Nick’s family seemed to be entering one of those familiar glacial silences. Jason rubbed the chill out of his upper arms.
“We could try to find some cattail,” he said. His voice had a strange, hollow ring in the clammy mist. “Or some—what is it?—pokeweed?”
His voice vanished into the mist. The silence enveloped him. No one bothered to acknowledge his words.
He dropped to sit on his heels on the foredeck, hunkered against the tendrils of misery he felt floating around him, dank and clammy, like the mist.
Jason looked up for a moment as he noticed that one of the strange-looking cypress trees, standing tall on its knees in the flood, was moving along his line of vision. He looked up and found himself staring at the range of twelve feet or so into the beady eyes of a cormorant, one of a dozen who occupied the tree’s lower branches—black, sinister silhouettes that sat in the trees as motionless, and as alien, as Easter Island statues, sentinels standing guard over unknown country.
Surprise brought an exclamation to Jason’s lips. The cormorants didn’t react, didn’t even blink.

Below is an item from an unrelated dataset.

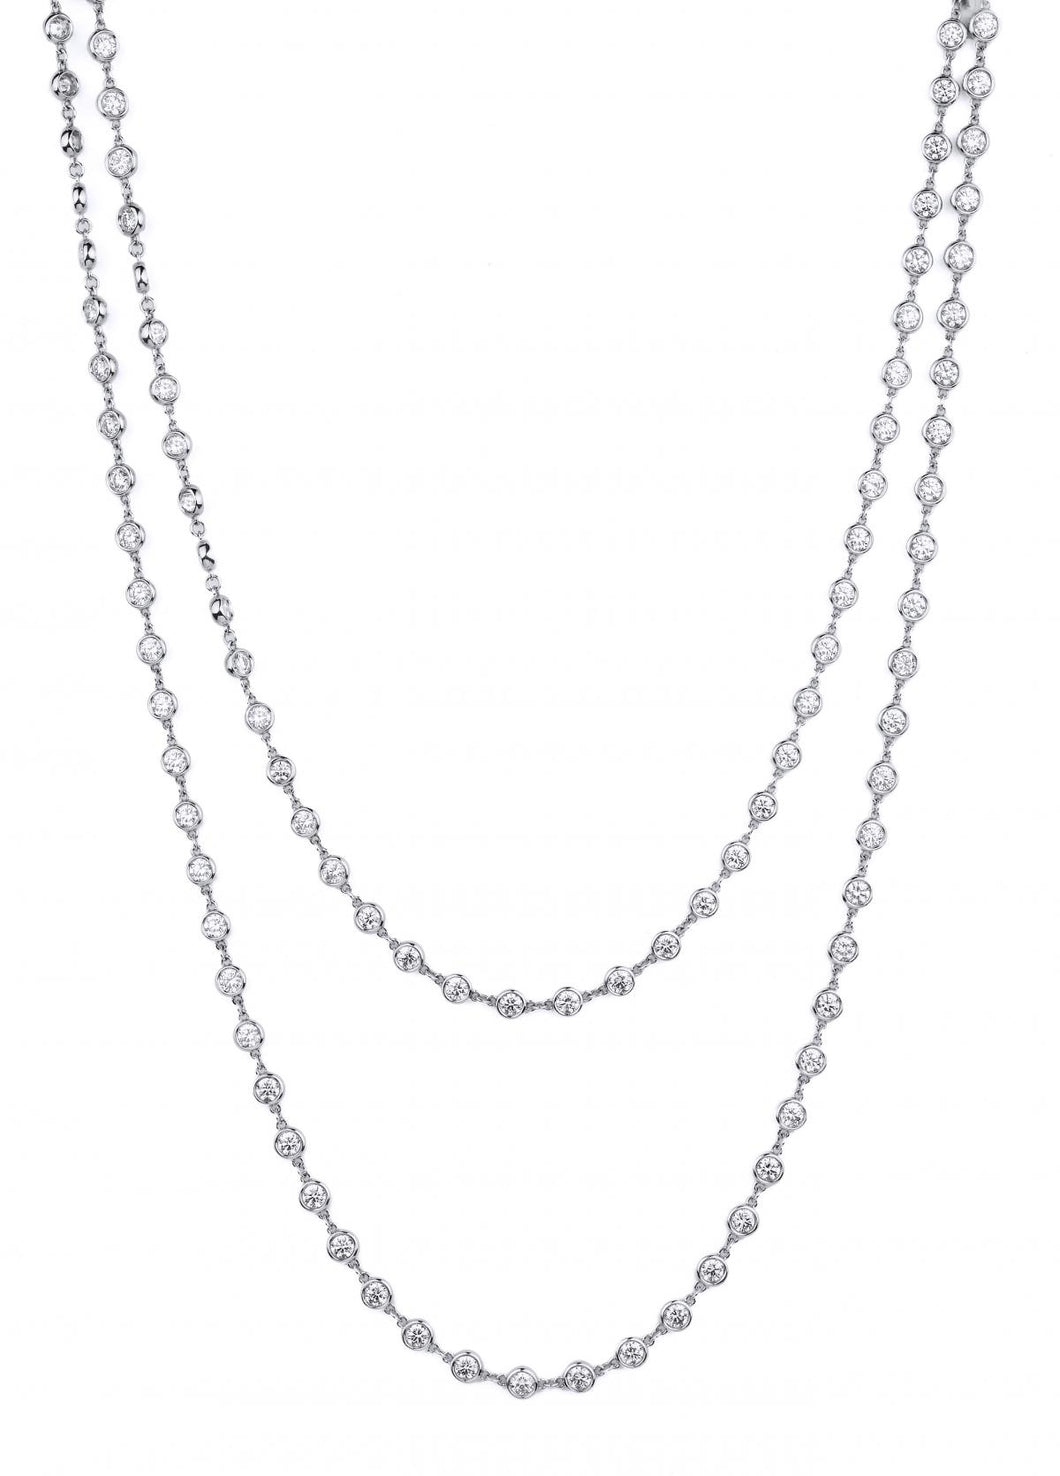 18k White Gold 16.8 Carat Diamonds by the Yard Chain Necklace

“Urn,” he said, to cover sudden embarrassment. “We’re moving. There’s a current here.” He heard the others shifting in the cockpit, testing the notion for themselves. None of them seemed to notice the ominous, long-necked figures in the trees that followed them with glittering eyes.

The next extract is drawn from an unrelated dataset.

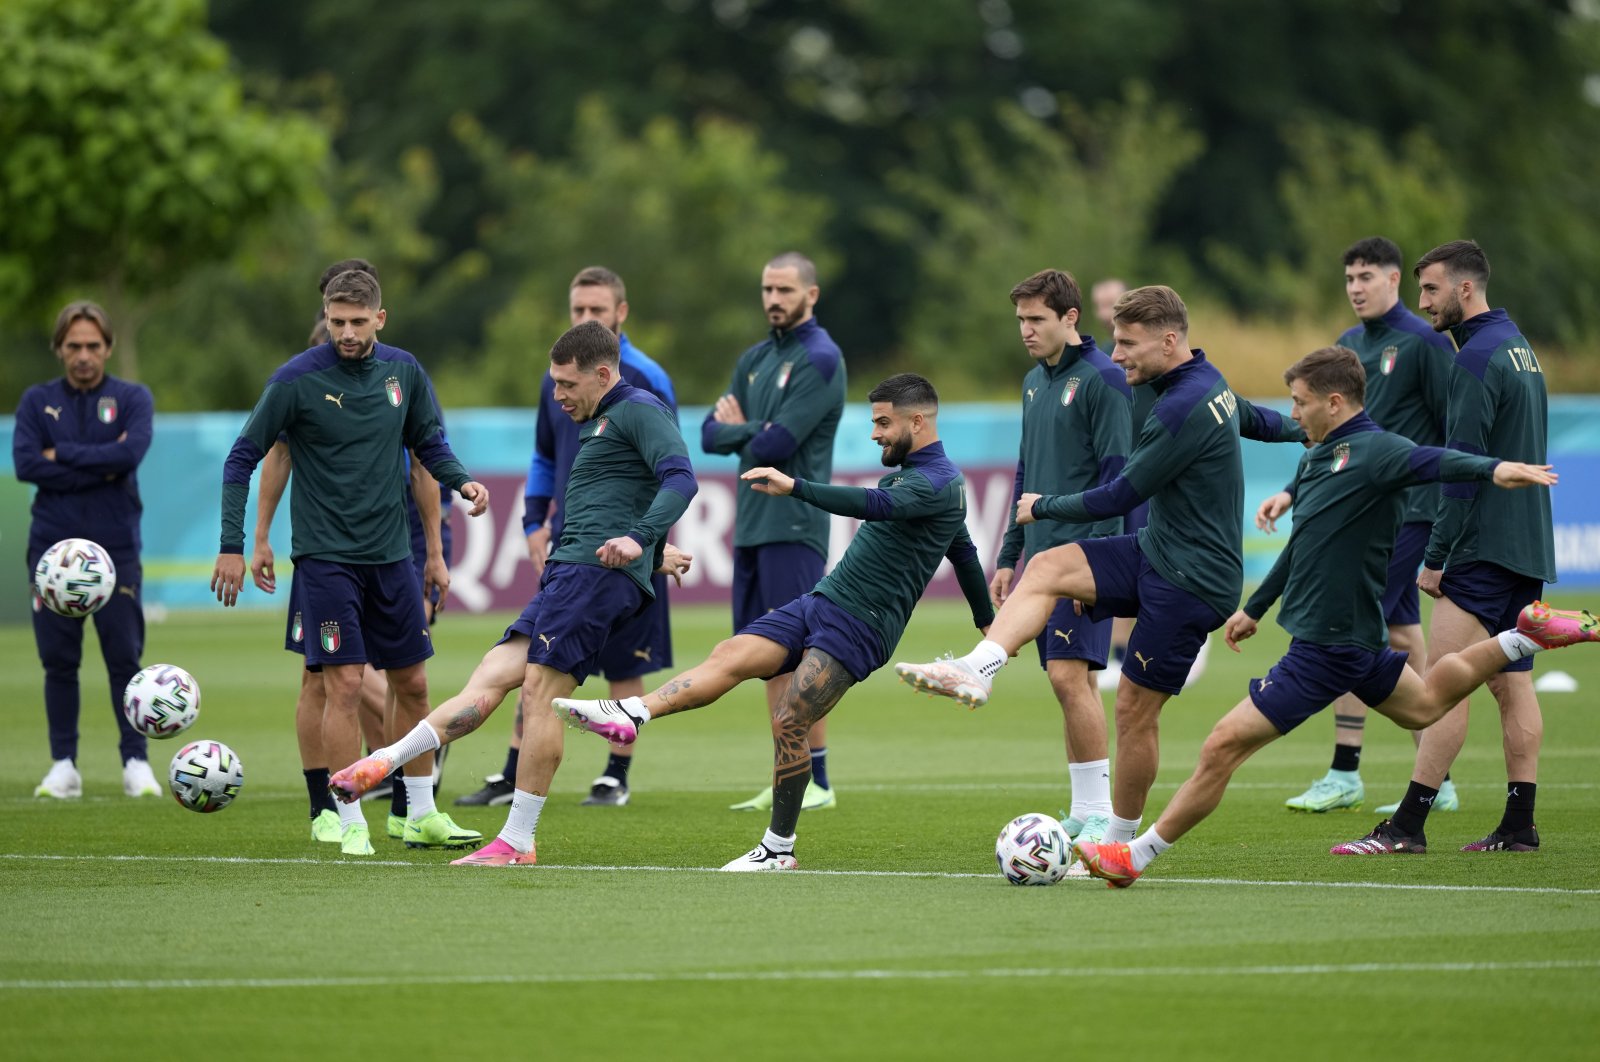 Italy players practice during a training session in London ahead of the Euro 2020 final against England, London, England, July 10, 2021. (AP Photo)

“The current is going downstream,” Manon said. “All we have to do is go in the direction of the current, right?”
When Nick spoke, it was with slow reluctance. “Not necessarily,” he said. “The storm just dumped a lot of rain upstream from here. When the flood hits us, it might spread out into the country as well as draining toward the Gulf. This current might be taking us further inland.”
“That’s not bad, is it?” Manon asked. “There are people inland.”
“Maybe. It could be that we’re just going further into the wilderness.” There was another moment of silence. “Nick,” Manon said, “we have to get the child some food.” Jason turned away from the cormorants, saw Nick frowning in the cockpit. “I don’t want to use fuel till we know where we’re going.”
“Anywhere is better than this.”
“The fog will lift sooner or later,” Jason offered, but the adults paid him no attention. It was as if they were locked in a kind of dance, and they couldn’t leave the dance floor till the end of the music, and they couldn’t change to a different dance because these were the only steps they knew. Arlette, who knew the steps as well as the dancers, left her father’s lap and joined Jason on the foredeck. They hunched in cold silence and watched the cormorants fade away into the mist. At the end of the argument, Nick started the outboard and began to motor along with the current. Jason and Arlette took their oars and stood on the foredeck to fend off floating debris.